Market Recap: Markets collapsed yesterday as Hong Kong protests continued to escalate. The 10’s-2’s yield curve inverted for the first time, and the collapse in bond yields has everyone finally talking about slowing economic growth, which we have seen in the data since October of last year. The S&P 500 was down -2.95% on the day. Interest rates collapsed 9 basis points on the U.S. 10-year Treasury note, and long-term Treasuries and Gold rallied.

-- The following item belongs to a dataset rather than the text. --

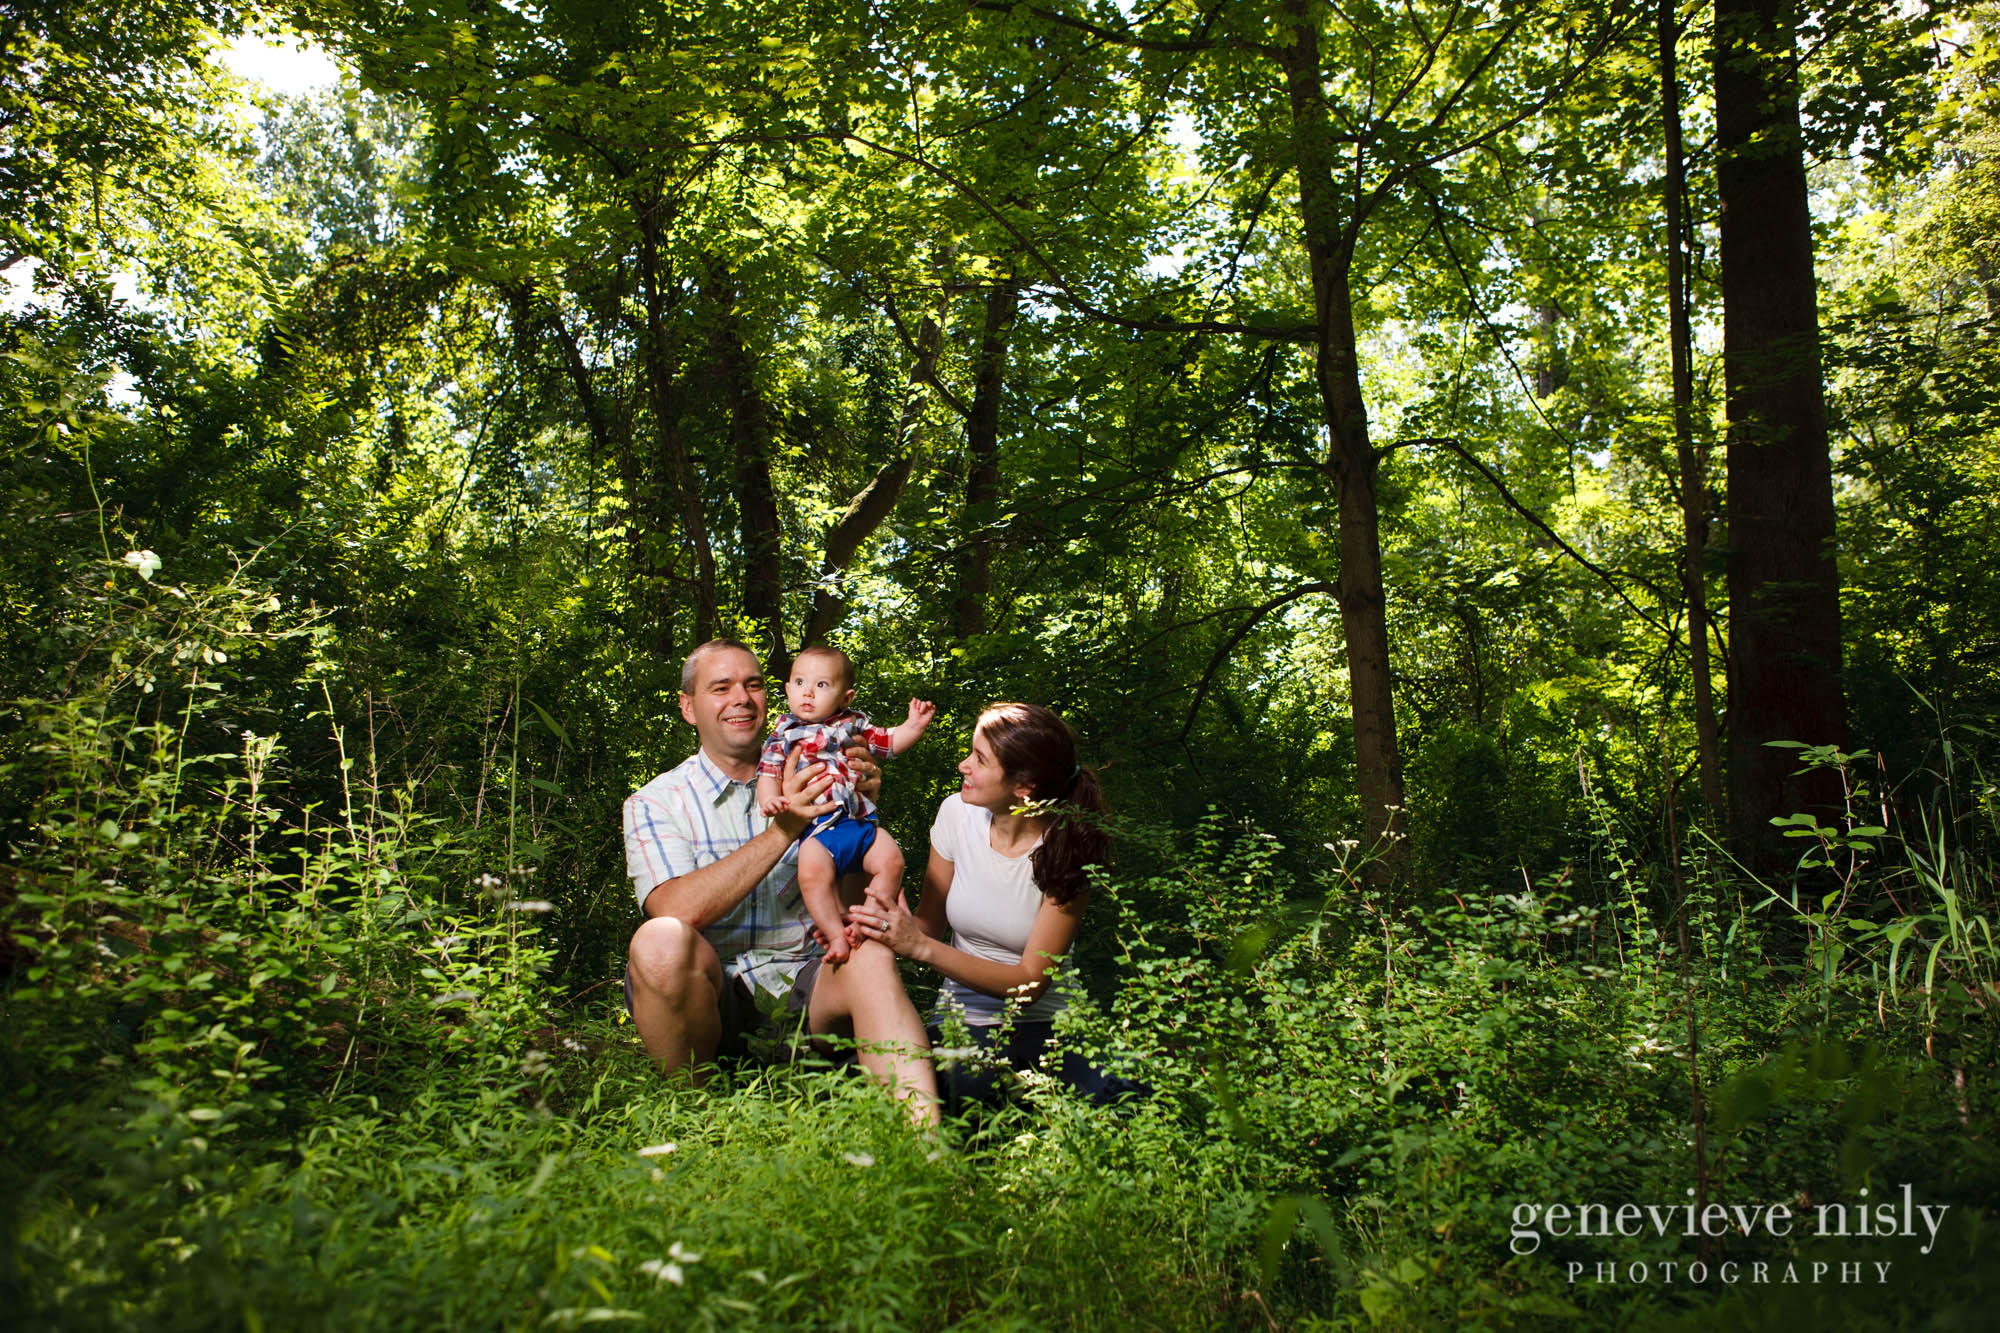  Copyright Genevieve Nisly Photography, Family, Ohio, Peninsula, Portraits, Summer

Economic Data: Trump’s Right! In our opinion, President Trump has nailed it as far as the Fed is concerned. The “mid-cycle” adjustment comments from Powell will go down in history as a colossal miscalculation and error in judgement and action. We began discussing the Fed moving more Dovish late last year and hoped they would cut interest rates to below the 2-year Treasury yield. Unfortunately, they did not cut rates enough and now they will have to string together a series of inconsistencies that the market will have to digest. This is not a major confidence booster. As to not be just a complainer and actually point out the solution, here is what I would offer up to Chairman Powell as a suggestion: Cut interest rates to 1.50% in a surprise meeting or at Jackson Hole. This would allow a more data dependent approach going forward.

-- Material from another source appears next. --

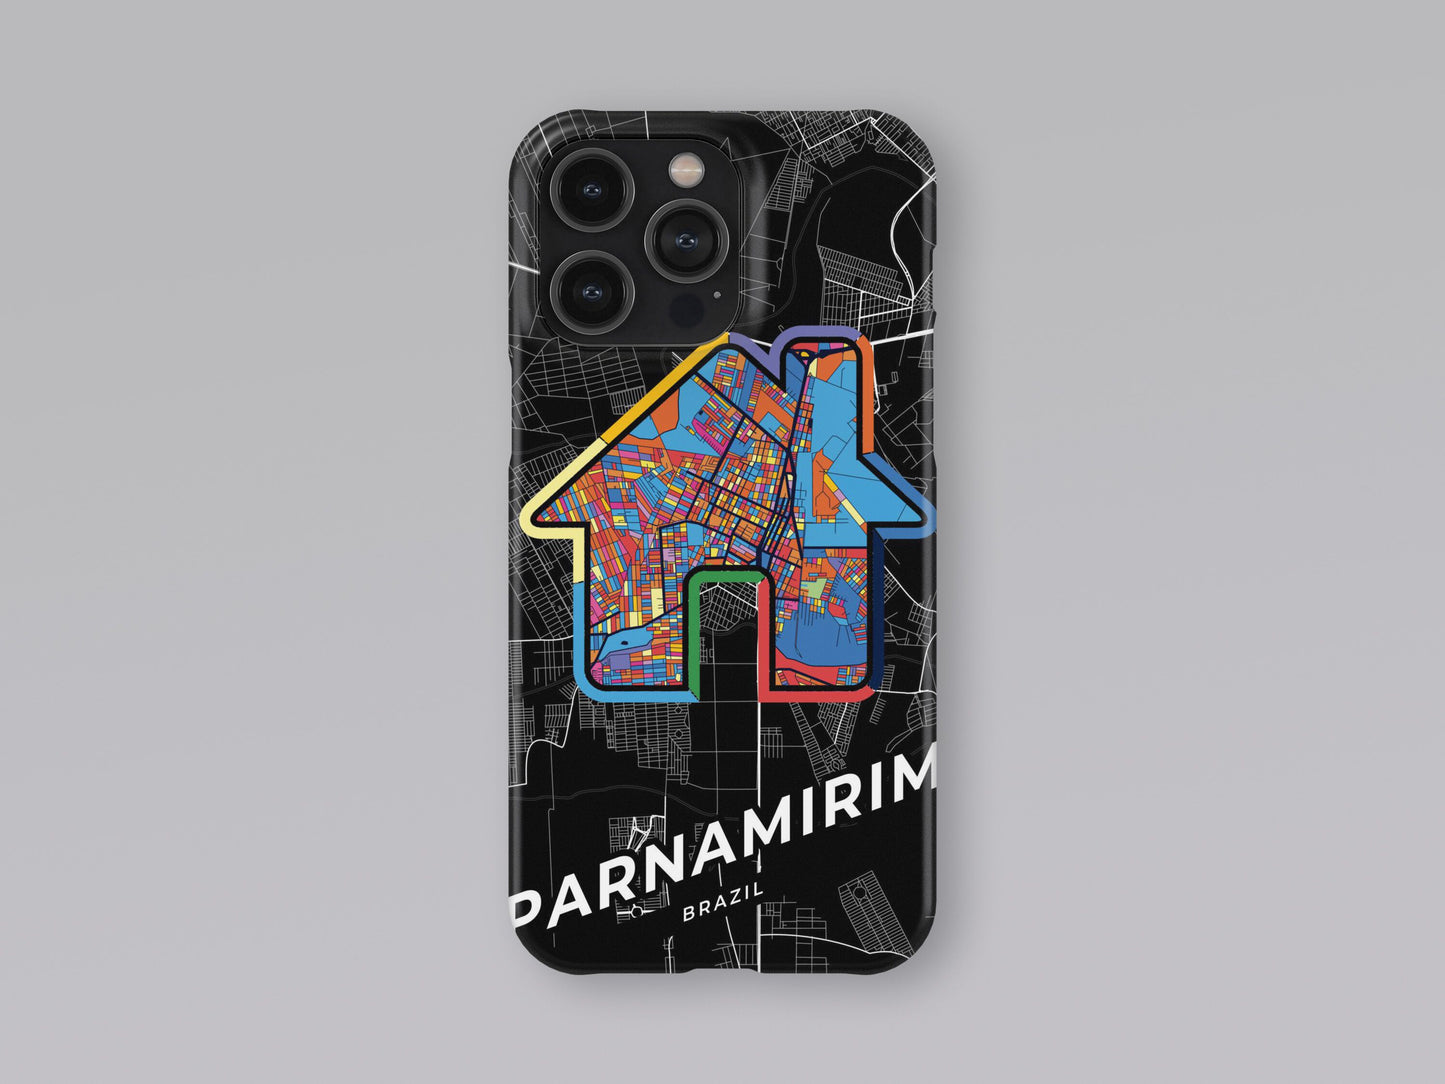 Parnamirim Brazil slim phone case with colorful icon 3

Volatility - Divergence: The VIX moved up significantly yesterday but failed to make a new high. This is a somewhat positive sign, as volatility tends to peak prior to equity market bottoms. We will be watching this closely over the coming sessions.

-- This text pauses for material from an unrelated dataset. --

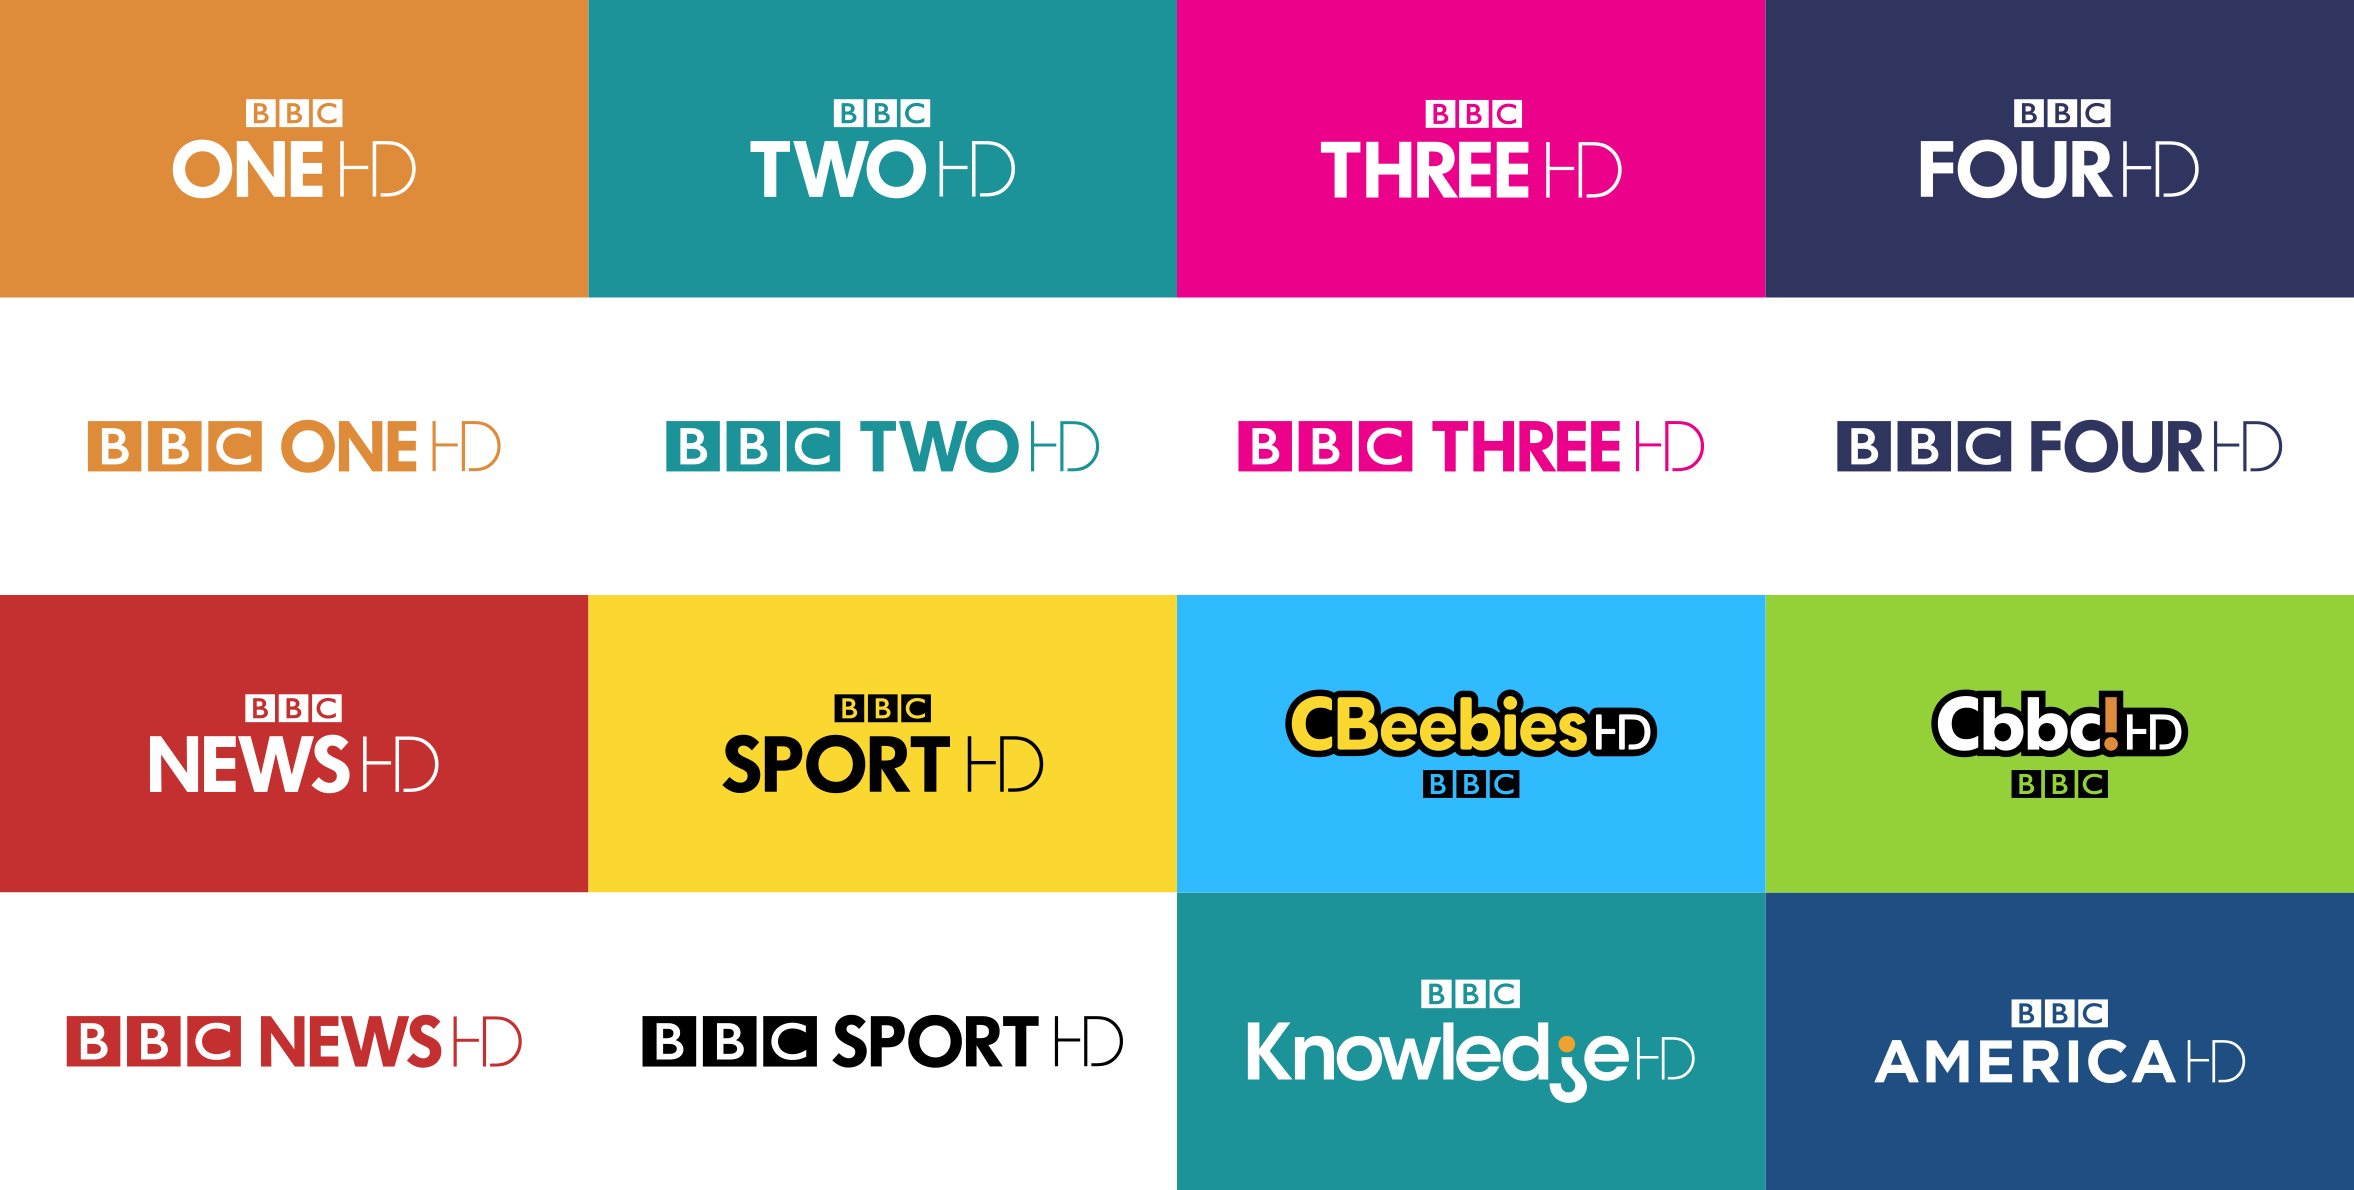 BBC Three | HD TV Channel

Major U.S. Market Indices: Most major broad market indices in the U.S. are below their 200-day moving averages as of the close yesterday. The S&P 500 and Nasdaq are the only indices still above their long-term moving averages. The Dow Jones Industrial Average closed below the 200-day moving average yesterday. Transports, and the Russell 2000 have downward sloping moving average suggesting a long-term negative trend. All major indices are in the same trading range that has governed price action for the last 18 months!
Long-term Treasuries: Long-Term Treasuries are crazy overbought! The move in long-term bonds has gone parabolic and we expect a consolidation at a minimum. We still believe long-term bonds will move higher as the Fed now has to play aggressive to catch up.
Gold: Gold is showing a very similar pattern to long-term Treasuries. A major breakout to the upside, followed by a parabolic move. We still like defensive assets, like Gold as the global economy becomes vastly more deflationary.
Officially Oversold: This may not surprise you, but the stock market is officially oversold in the short-term. Less than 30% of issues in the NYSE index are above their 50-day moving averages. This index has a lot more room to run to the downside, however. In December, less than 12% of the NYSE were above their 50 day moving averages.
News from Bloomberg:
China hit back as the trade war again upended markets. The U.S. threat of new 10% tariffs has derailed efforts to solve the dispute via talks, it said. America has violated the Xi-Trump consensus reached at the G-7 meeting, China added, signaling its intention to impose retaliatory measures.
The bond rally marched on as China spoke out. The yield on 30-year Treasuries fell below 2% for the first time after paring early losses and the world's pile of negative-yielding debt surpassed $16 trillion. The 10-year yield resumed its slide after China's comments and the two-year shed three basis points. Rates also fell in Australia, Germany, France and the U.K. Here's a look at why the yield-curve inversion matters.
President Trump praised Xi Jinping as "a great leader" before the latest statement from Beijing and linked Hong Kong protests to the trade war. "Of course China wants to make a trade deal. Let them work humanely with Hong Kong first!" he tweeted. In a less conciliatory tone, the U.S. added four Chinese nuclear entities to a blacklist, accusing them of helping buy advanced technology for military use.
Berkshire Hathaway's stake in Amazon rose 11% to more than $1 billion last quarter, filings show. And Bill Ackman is betting on Warren Buffett, building a $686 million holding in Berkshire. In other disclosures: Coatue Management, Tiger Global and Viking Global bought into Uber, Appaloosa dumped its stake in Alibaba and bought Intelsat, while Elliott Management exited Sempra Energy but entered Marathon.